COMMISSION DES LÉSIONS PROFESSIONNELLES

 

 

Québec

10 novembre 2010

 

Région :

Gaspésie-Îles-de-la-Madeleine, Bas-Saint-Laurent et Côte-Nord

 

Dossier :

401664-01B-1002

 

Dossier CSST :

130871932

 

Commissaire :

Jean-François Clément, juge administratif en chef

 

Membres :

Ginette Denis, associations d’employeurs

 

Rémi Dion, associations syndicales

______________________________________________________________________

 

 

 

Gilles Marticotte

 

Partie requérante

 

 

 

et

 

 

 

Fermes St-Vincent inc.

 

Partie intéressée

 

 

 

et

 

 

 

Commission de la santé

et de la sécurité du travail

 

Partie intervenante

 

 

 

______________________________________________________________________

 

DÉCISION

______________________________________________________________________

 

 

[1]           Le 4 février 2010, monsieur Gilles Marticotte (le travailleur) dépose à la Commission des lésions professionnelles une requête à l’encontre d’une décision rendue par la Commission de la santé et de la sécurité du travail (la CSST) le 29 janvier 2010 à la suite d’une révision administrative.

[2]           Par cette décision, la CSST confirme celle qu’elle a rendue le 26 novembre 2009 et déclare que le travailleur doit, préalablement à l’exécution de travaux, faire parvenir à la CSST deux soumissions détaillées de contractants différents indiquant les services à rendre ainsi que certains autres détails. Le tout s’inscrit dans le cadre de la lésion professionnelle subie le 7 janvier 2007 par le travailleur chez les Fermes St-Vincent inc. (l’employeur).

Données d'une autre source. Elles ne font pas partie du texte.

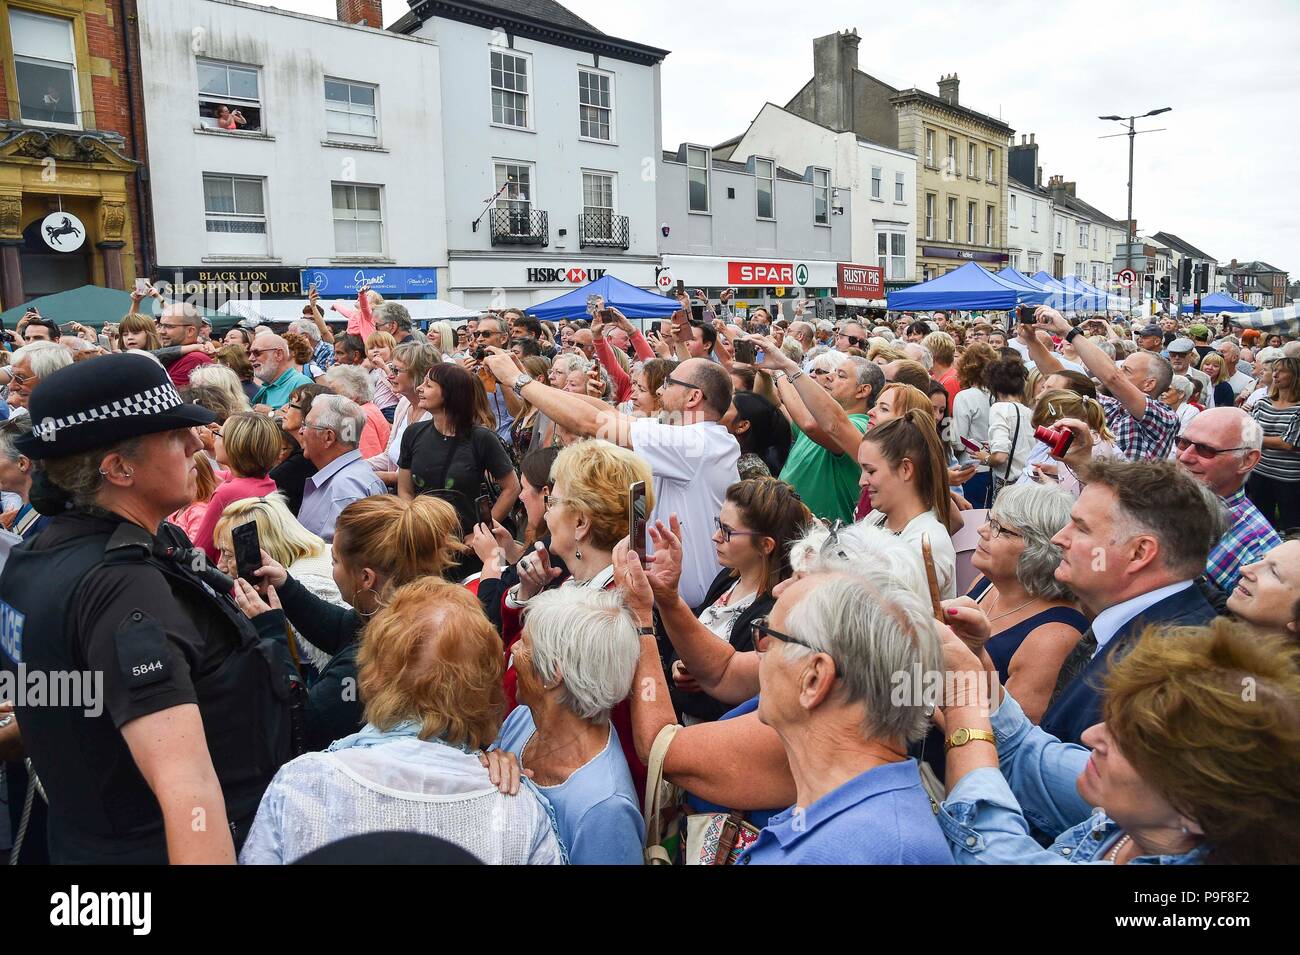 Honiton, Devon, UK.  18th July 2018.   The Duke and Duchess of Cornwall visit the Gate to Plate food market at Honiton in Devon.  Huge crowds turn out to see the royal couple.  Picture Credit: Graham Hunt/Alamy Live News Stock Photo

[3]           Une audience était prévue à Gaspé le 13 août 2010, mais le travailleur a demandé de procéder sur dossier à l’aide d’une argumentation écrite qui a été reçue par le tribunal le 1er octobre 2010. L’employeur a avisé par lettre du 28 juillet 2010 qu’il ne serait pas à l’audience et qu’il ne produirait pas de représentations.

[4]           Le 5 novembre 2010, la procureure de la CSST avisait le tribunal qu’aucune représentation particulière ne serait faite de sa part.

[5]           C’est donc le 5 novembre 2010 que le délibéré a débuté.

 

L’OBJET DE LA CONTESTATION

[6]           Le travailleur demande à la Commission des lésions professionnelles de déclarer qu’il a droit au paiement des frais d’entretien déjà acceptés sur production seulement de factures ou de reçus sans avoir à fournir de soumission préalable.

 

L’AVIS DES MEMBRES

[7]           Les membres issus des associations syndicales et d’employeurs partagent le même avis.

[8]           Ils estiment qu’il y a lieu de se rallier à la jurisprudence presque unanime de la Commission des lésions professionnelles voulant que la CSST ne puisse, en vertu des dispositions de l’article 165 de la Loi sur les accidents de travail et les maladies professionnelles[1] (la loi), exiger de soumissions ni les numéros de la taxe sur les produits et services (T.P.S.) et de la taxe de vente du Québec (T.V.Q.) des fournisseurs.

 

LES FAITS ET LES MOTIFS

[9]           La Commission des lésions professionnelles doit décider si la CSST a raison d’exiger deux soumissions détaillées de contractants différents avant l’exécution des travaux déjà autorisés, incluant les numéros d’enregistrement pour fins fiscales (TPS-TVQ) de ces contractants.

[10]        La CSST accepte dans sa décision initiale du 26 novembre 2009 de payer les frais d’entretien suivants :

1.    Le déneigement de deux voies de sortie du domicile (2 portes et galeries).

2.    La tonte du gazon.

3.    L’utilisation du coupe-bordures.

4.    Le ratissage du terrain une fois par année.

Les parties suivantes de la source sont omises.